Economically it doesn't make financial sense to build several pipelines in the same direction, each with different products derived from raw crude. One pipe for diesel, one with low grade gas, one with mid grade gas, one with propane, one with the junk they make plastic out of, etc, etc.
Yeah, nearly everything will eventually make it onto a truck/ship eventually to be sent off to the end user so it doesn't really matter if the refinery/processor is in Alberta or in Texas, so multiple pipelines isn't the answer either. But who's going to invest in the new refinery? Government? Private industry? Industry has already made it's decision.
Natural gas pipeline is not comparable. A natgas leak is highly volatile, yet leaves no lasting stain on the environment. A fire even an explosion is one thing, but an oil spill is completely different.

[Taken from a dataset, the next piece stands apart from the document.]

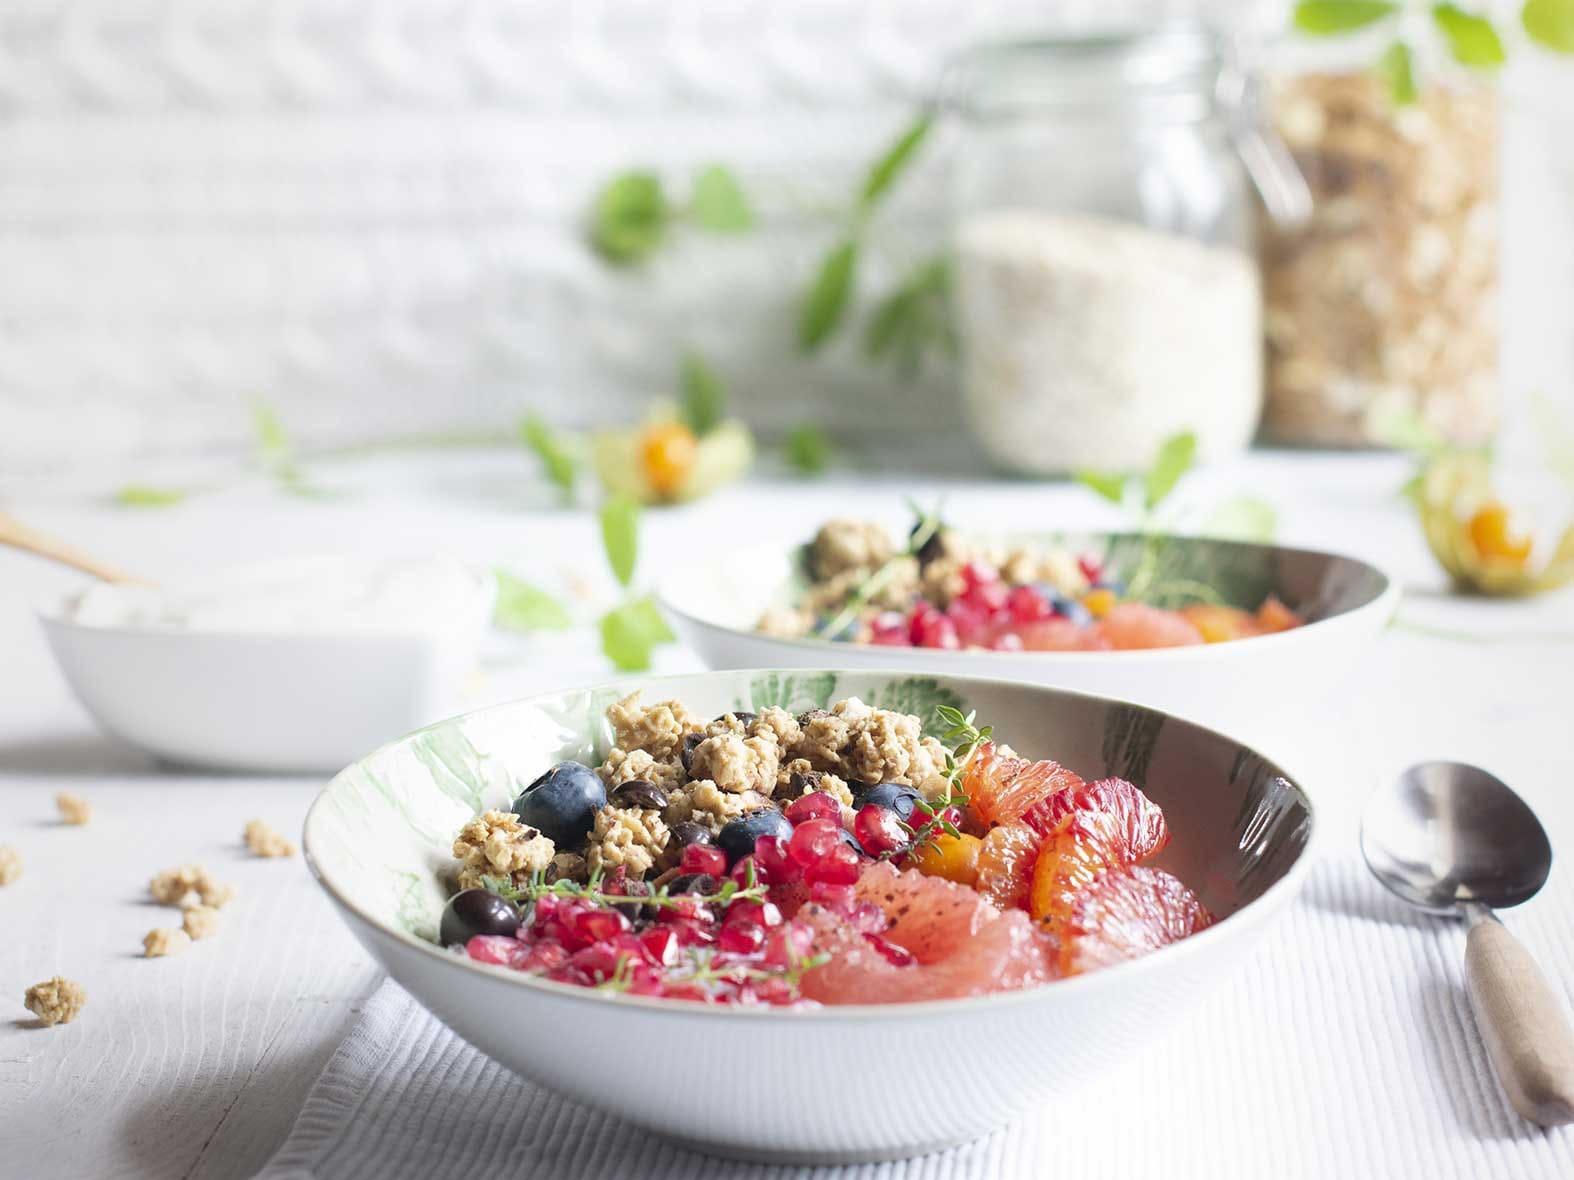 Yoghurtbowl met krokante muesli, chocolade en citrus

The only way for market forces to properly increase safety and integrity of pipelines, is for the operating entity to be 100% responsible for all cleanup, and all compensations to locals for reduced usability of their own land. If pipeline operators can be such good stewards, more power to them. If they cannot, then this is a back door subsidy of the oil industry. Such a situation of defacto subsidy of oil transport by public sector cleanup, and reduced usability of private sector third parties, would be 'unethical oil'.
Forcing third parties and governments to clean up ones messes, because cleaning them up ones self, or preventing them by superior infrastructure investment, would make the business less profitable, is unethical.
Ethical oil comes from free and democratic countries like Canada, Norway, etc. Unethical oil comes from the Middle East, Venezuela, etc I guess it's a term more popular here
I wasn't being so specific... I can imagine many ways oil production would be unethical, even when it comes from countries like Canada and Norway. Though dealing with such countries with legal system similar to our own would seem to make legal action to insure cleanup and good environmental stewardship somewhat more likely.
They could also take a cue from the shipping industry and double hull (or triple hull) these pipes along their proposed routes.
My only concern is that if this is empirically proven to prevent spills then it should be regulated. The company should be forced to do this if they want to make pipelines.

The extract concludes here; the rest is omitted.